1. Label Encoding Process:
When you apply LabelEncoder to a column, it transforms each unique value into a numeric code, starting from 0. The encoding is done based on the lexicographical (alphabetical) order of the unique values in the column.

Step-by-Step Explanation of Label Encoding:
For Loan_type:
The unique loan types in the column are:
['Home Loan', 'Personal Loan', 'Education Loan', 'Credit Loan']
LabelEncoder sorts these values alphabetically:
['Credit Loan', 'Education Loan', 'Home Loan', 'Personal Loan']
Then, it assigns numeric codes starting from 0:
'Credit Loan' → 0
'Education Loan' → 1
'Home Loan' → 2
'Personal Loan' → 3
So, after applying the encoding, the column Loan_type will have these numeric values in place of the text labels.

For Income:
The unique income values in the column are:
['30K', '25K', '15K', '40K', '35K']
LabelEncoder sorts these values alphabetically:
['15K', '25K', '30K', '35K', '40K']
Then, it assigns numeric codes starting from 0:
'15K' → 0
'25K' → 1
'30K' → 2
'35K' → 3
'40K' → 4
So, the income values are encoded into their respective numeric codes based on alphabetical sorting.

In [None]:
# ONE HOT ENCODER()

import pandas as pd

# Creating the data dictionary with customer information
data = {
    'Customer_id': pd.Series([1, 2, 3, 4, 5]),
    'Loan_type': pd.Series(['Home Loan', 'Personal Loan', 'Education Loan', 'Home Loan', 'Credit Loan']),
    'Income': pd.Series(['30K', '25K', '15K', '40K', '35K'])
}

# Creating the DataFrame from the data dictionary
loan_info = pd.DataFrame(data)

from sklearn.preprocessing import OneHotEncoder
#  Imports the OneHotEncoder from the sklearn.preprocessing module.
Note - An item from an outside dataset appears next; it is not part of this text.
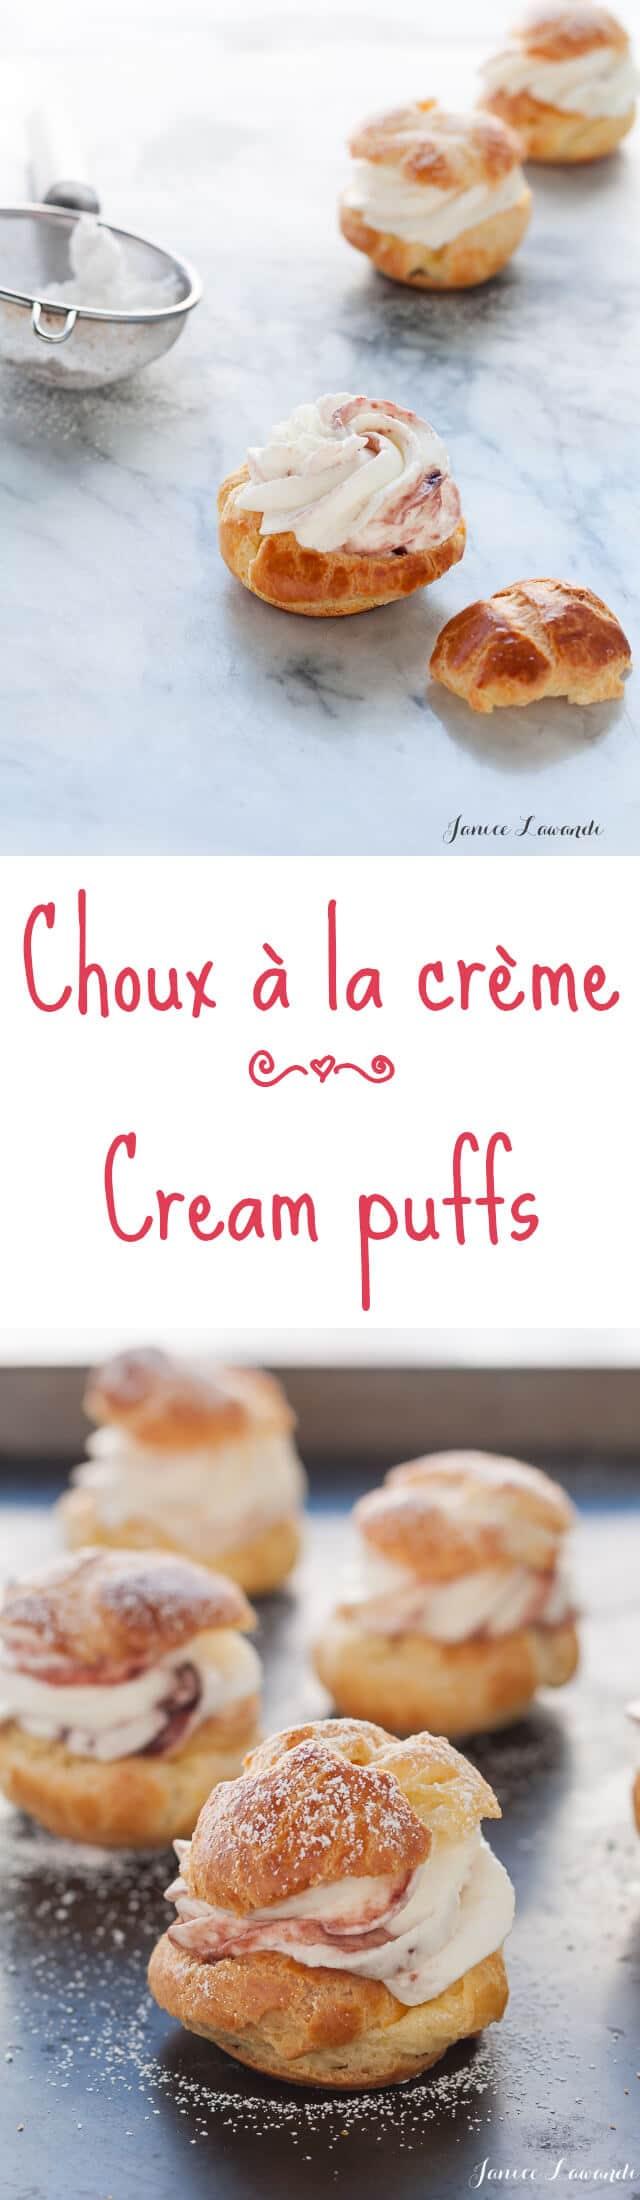 Choux à la crème are cream puffs essentially pâte à choux puffs filled with whipped cream

OneHotEncoder is used to convert categorical variables into a binary matrix (one-hot encoding).
onehotencoder = OneHotEncoder()
# Creates an instance of OneHotEncoder called onehotencoder. This object will be used to convert categorical values into one-hot encoded values.
x = onehotencoder.fit_transform(loan_info).toarray()
print(x)

The toarray() method is used to convert a sparse matrix into a dense numpy array.
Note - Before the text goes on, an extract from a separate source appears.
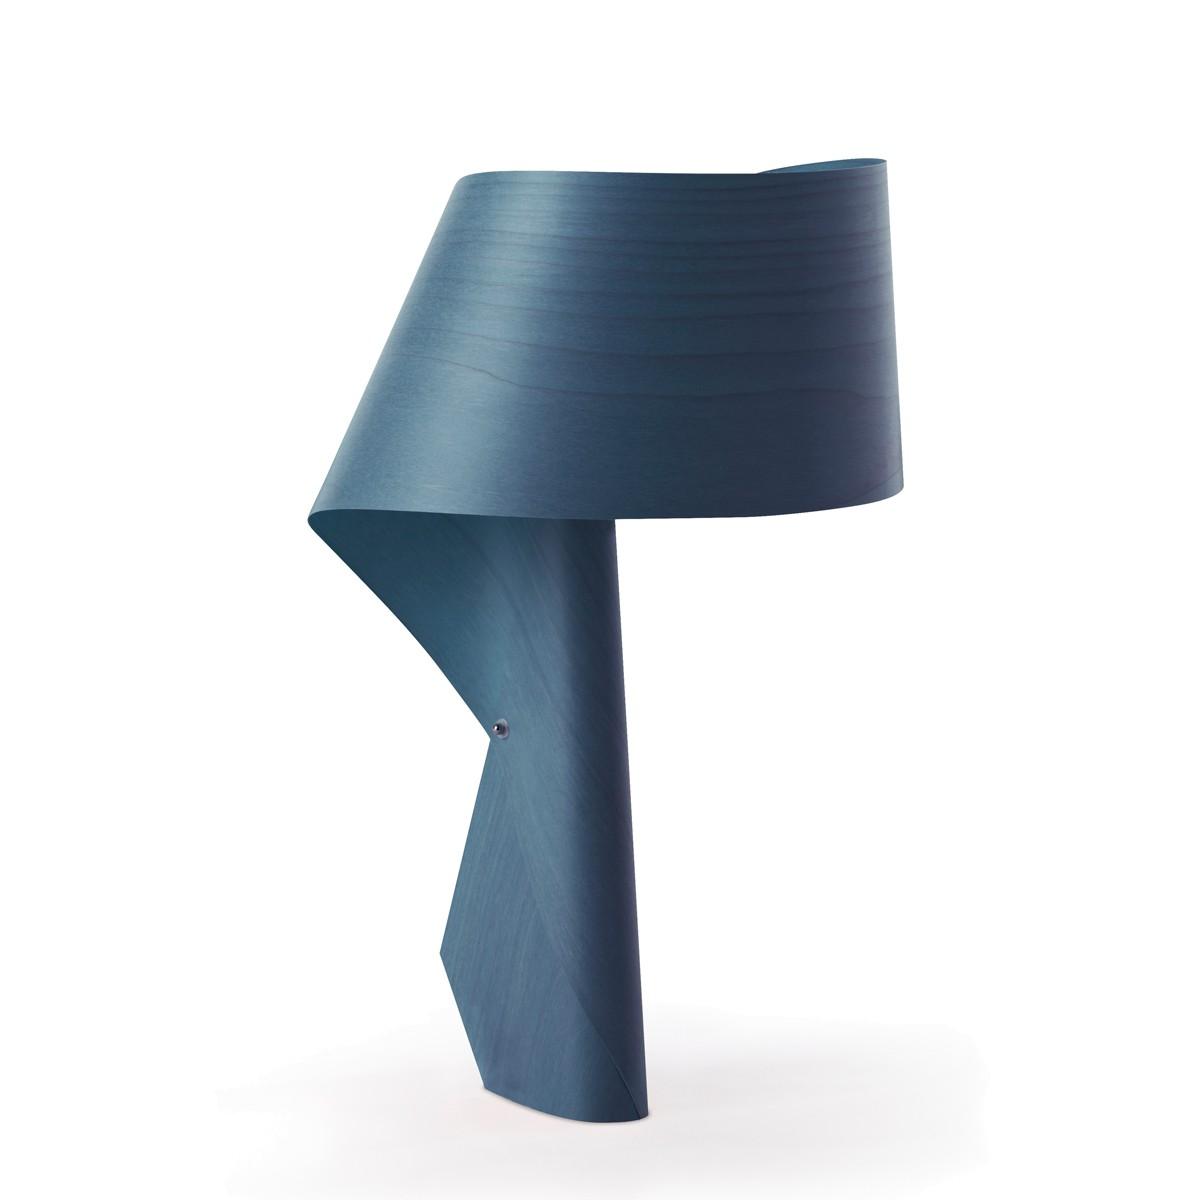 LZF Lamps Air Tischleuchte, blau

Sparse Matrix vs Dense Array:
Sparse Matrix:

A matrix where most of the elements are zero.
It's stored in a memory-efficient way by only keeping track of the non-zero elements, saving memory.
OneHotEncoder often returns a sparse matrix by default to save space, especially when there are many categories (which would result in many zeros).
Dense Array:

A matrix where all elements, including zeros, are stored explicitly.
This takes more memory but is easier to work with for printing and some types of computations.

In [None]:
# TEST TRAIN SPLIT

import pandas as pd
from sklearn.model_selection import train_test_split
# train_test_split from sklearn.model_selection is used to split the dataset into training and testing sets.
df= pd.read_csv("cereal.csv")
df.head()
# first five rows of the DataFrame.

# Assuming you have a DataFrame named 'df'

# Restructuring the DataFrame
x = df[['calories', 'protein']].values
# This line selects the calories and protein columns from the DataFrame df and stores their values in the variable x. These are the input features that the model will learn from.
y = df['rating'].values
# The rating column is the target variable (the value we want to predict), and its values are stored in y.
# So, x is a 2D array containing the calories and protein data, while y is a 1D array containing the cereal ratings.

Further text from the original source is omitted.